Clay McClinton
Out of the Blue
(Clayster Music)
Live at Phil Brady's, Baton Rouge, LA 9/15/2005
If you read my last review, you might recall mention of my good friend George. Well, when we all left our various foolishnesses behind, George, a precocious and tenacious salesman in the wholesale liquor trade (a liquor salesman is an excellent roommate to have, by the way. Other folks might have a 6-pack of Heineken in the fridge, we had a variety of microbrews to sample when the urge hit) left the spent carnival ride of Baton Rouge to go on to great fortune wining and dining the culinary elite of New Orleans. A good life indeed. Going to spend a day in the city with George often entailed attending an upscale Sideways type event, sampling bottle of champagne that I could trade my car in for. Unfortunately one of the countless tragedies of Katrina's wrath is the decimation of the New Orleans restaurant scene, as formidable a swat as say the New York music scene.
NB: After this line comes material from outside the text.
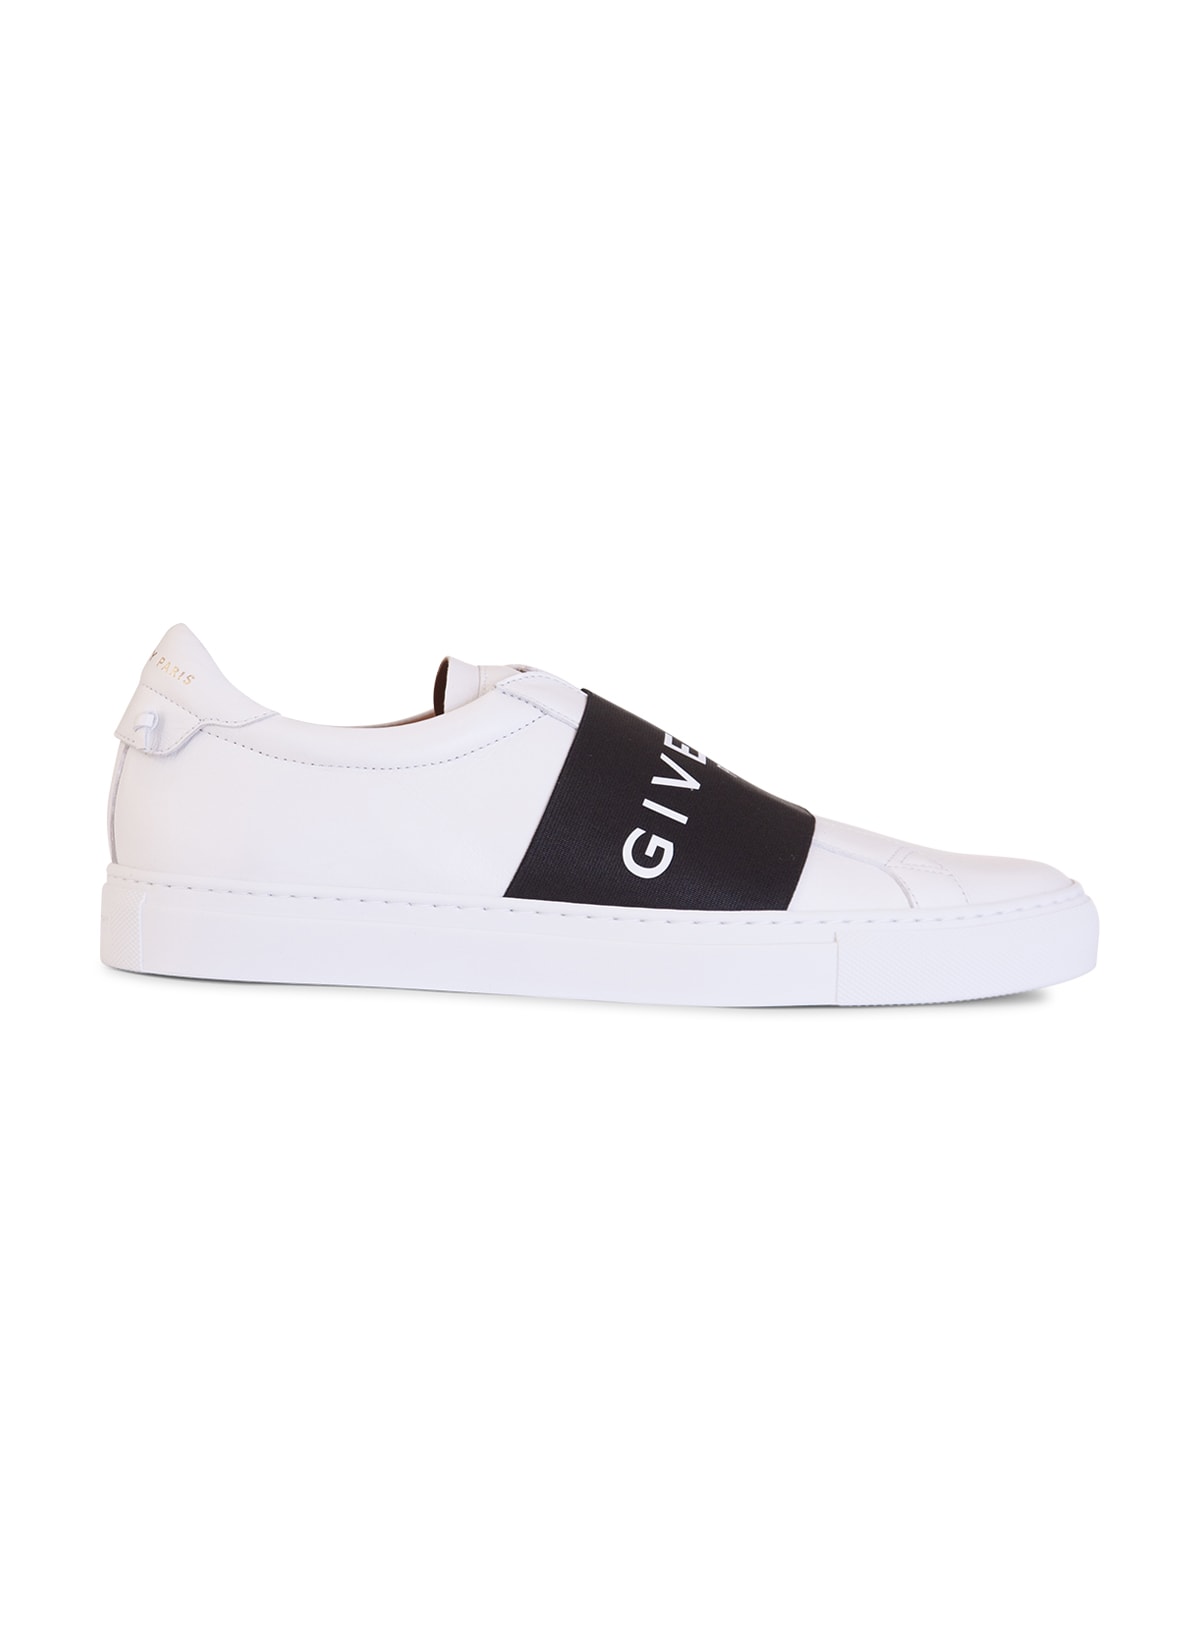 Givenchy Urban Street Slip-on Sneakers
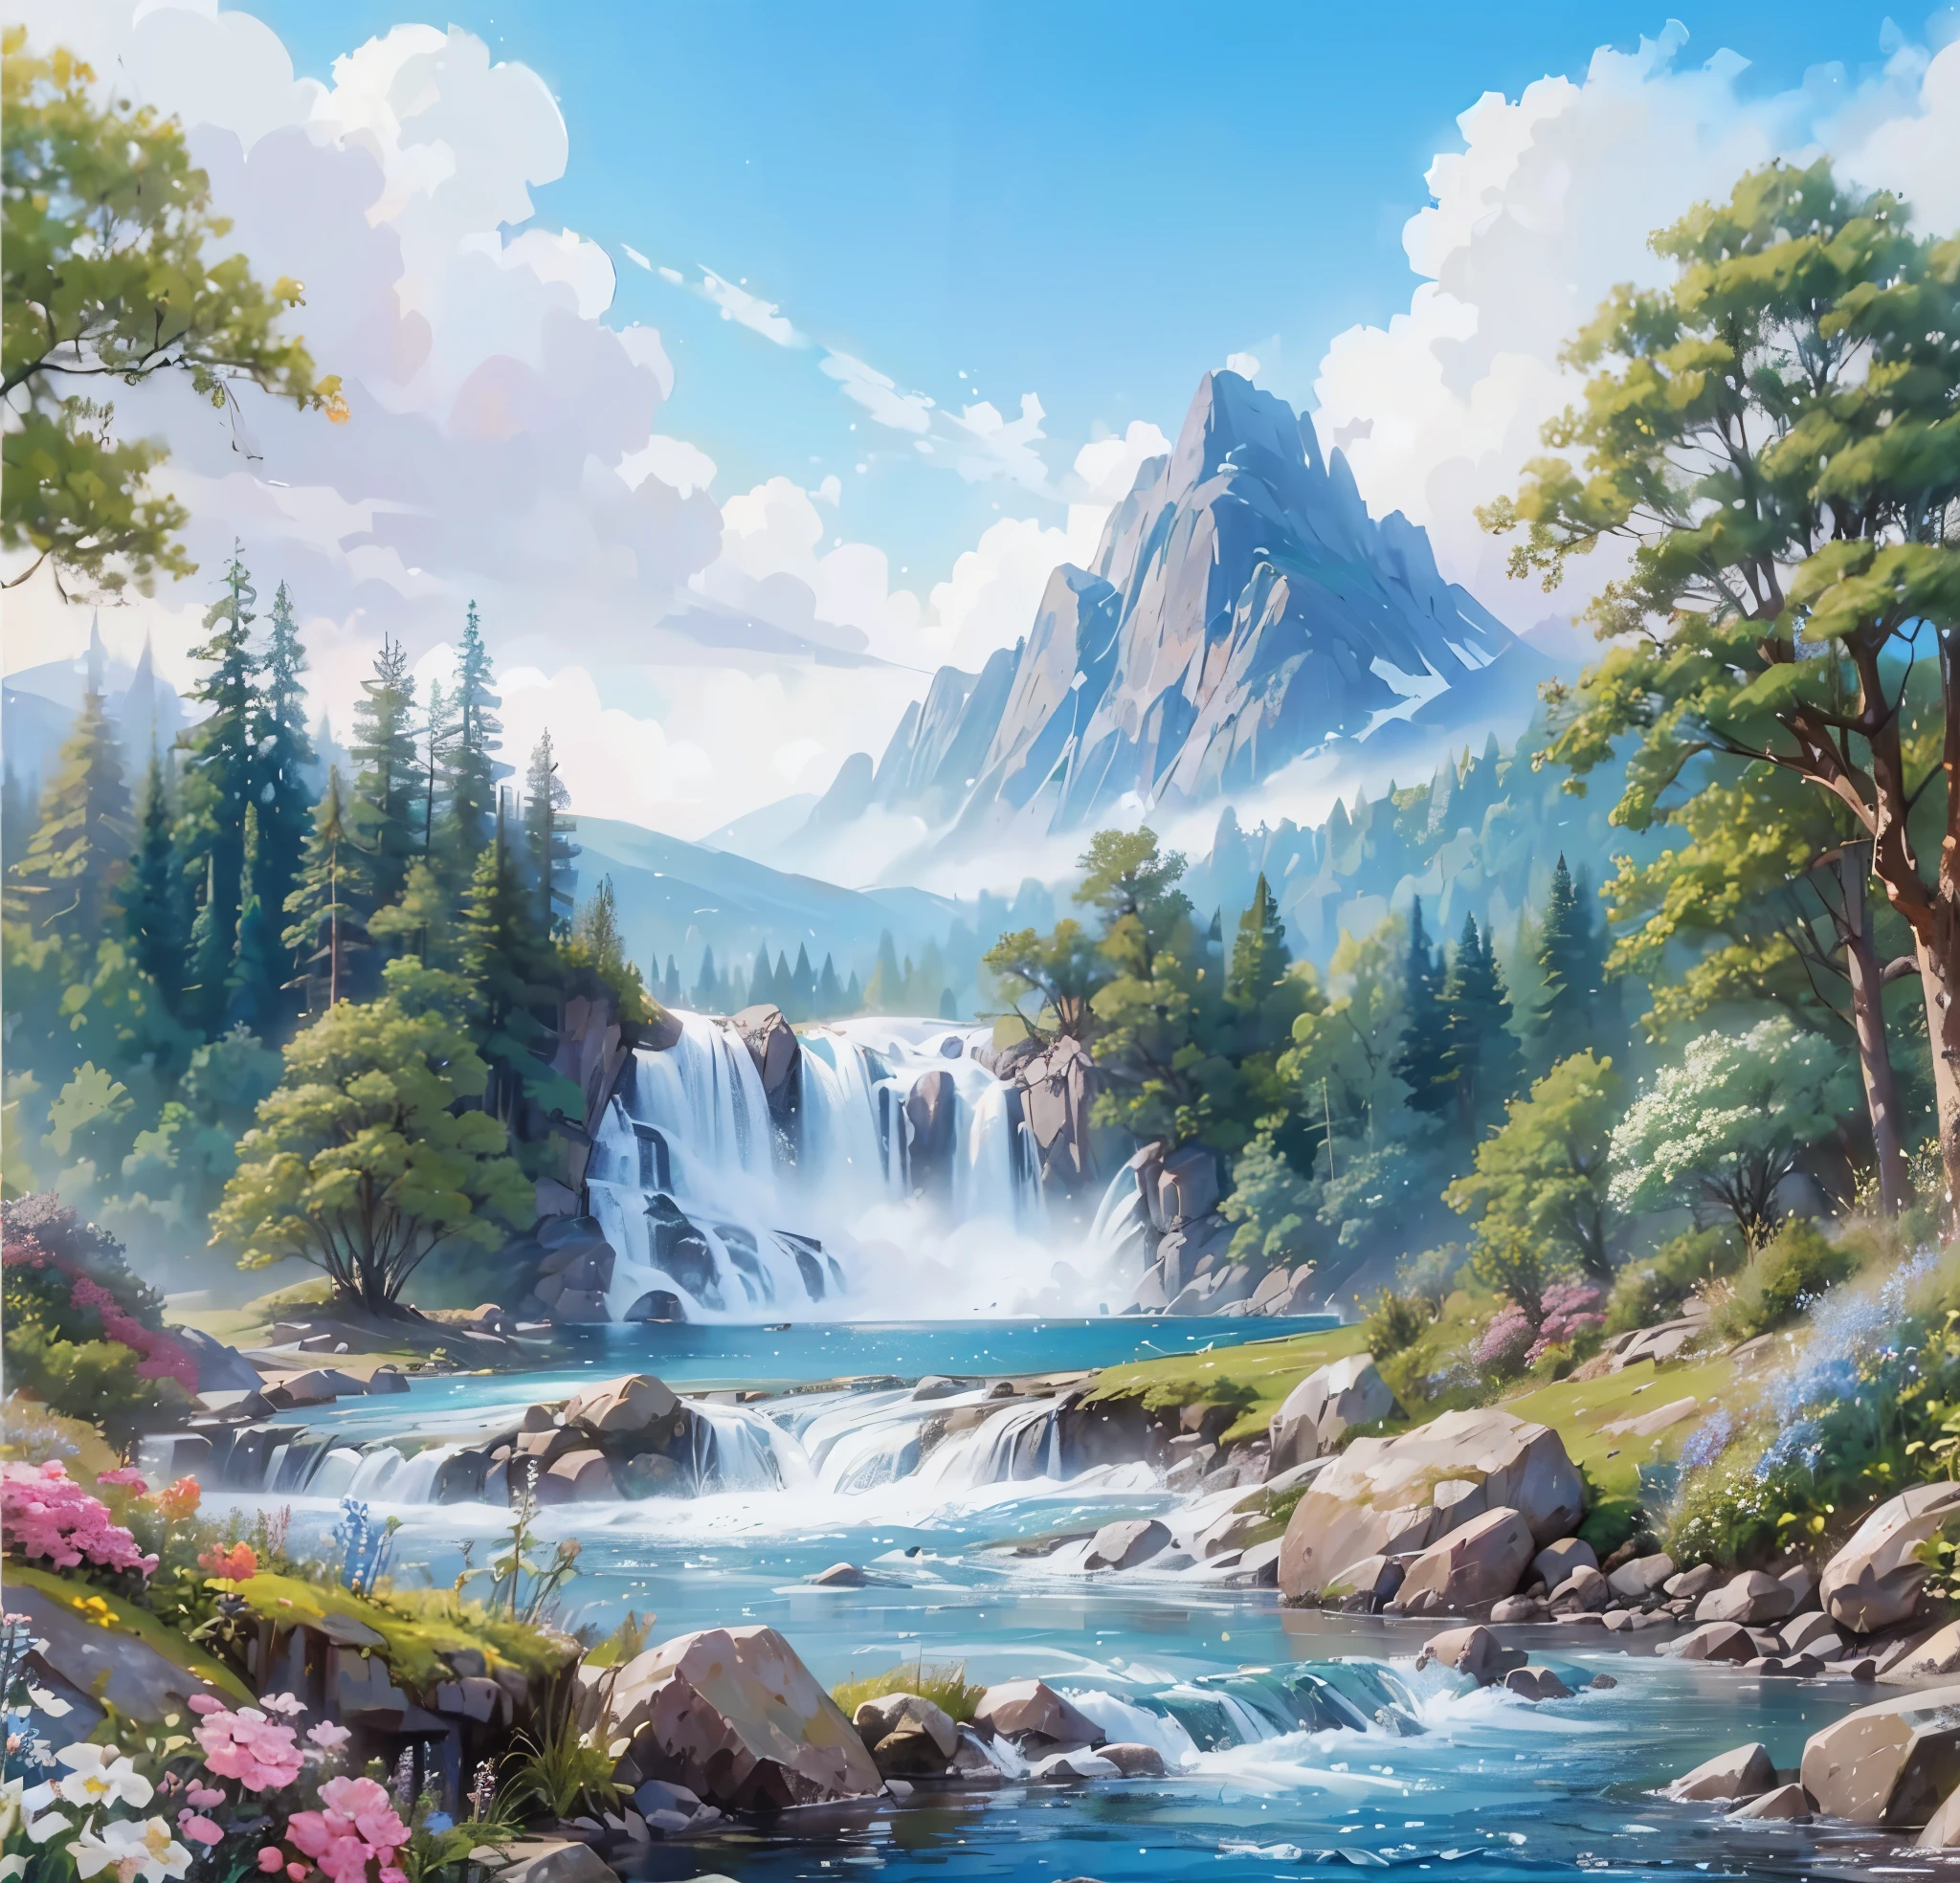 Painting of a waterfall in a mountain landscape with trees and

He spent a couple weeks gathering his senses in town before ploughing his Rolodex and securing a position with a winery in California, so big up, George. On his last night we drag-assed into my favorite old watering hole, Phil Brady's, Home of the World Famous Blues Jam (Yes! that famous Blues Jam!) and luckily staggering distance from the house, and lo, young Clay McClinton, looking resplendent with a gleaming hand crafted Renaissance guitar around his neck, was holding court, getting the small potatoes coke dealers and milfs (and even a few gilfs - the humidity does wonders for your skin down here) to the dance floor. Blessed and cursed with being the son of roots rock legend Delbert McClinton, Clay seems to have inherited his dad's trait for creating the People's Rock, and the ability to turn a shit gig like a quarter-filled bar in nowheresville into a great night out.
His self-released CD reflects a lot of the great things about his live presence:
1) His piano player, Kevin McKendree, is the instrumental star of the outfit. He had the innate sense of what to play and what not, it was a joy. We get a lot of roots rock coming through here and the keyboard player is usually the Achilles Heel.
2) Clay himself is no virtuoso guitarist, singer or even lyricist, but it all works in his favor. His songs are just right. There was nary a cringe-moment in his act, just one excellent song after another, and surprisingly fresh covers of "Dead Flowers" and "Any Way That You Do" to boot.
There are a number of great moments on this CD, like the country-fried Meters juke-rock of "Blues in the Morning" and the resplendent recontextualization of the melody from "People Get Ready" into the superb country shuffle "Lonesome Time." My favorite moments are the singer-songwriter ballad "Jerimiah" where the whole band clicks like a Swiss clock, like how the great songs by Townes Van Zandt work. Also great is the New Orleans funk of "Starting to Itch" with great deep honking horns and just enough of everything to keep it rocking and not venture into the annoying territory in which I find most New Orleans funk resides (we get even more of it than roots rock around here.)
I think that is the key to why I really like this record more than recent releases by roots heavyweights like John Hiatt and even his old man, there is no point on the record where I wanna move on to something else. Its great players playing great songs that they wrote, and nothing more than that. It is not a product of ineptitude, its by judicious use of restraint. Its resisting putting too much icing on the cake, or too much white gravy on the chicken fried steak. Its a great record, and he's a great performer, and if you want to show how cool you really are, drag some friends out to see him when he's half-filling a bar near you. You may not be making the scene, but you will be having a better night because of it.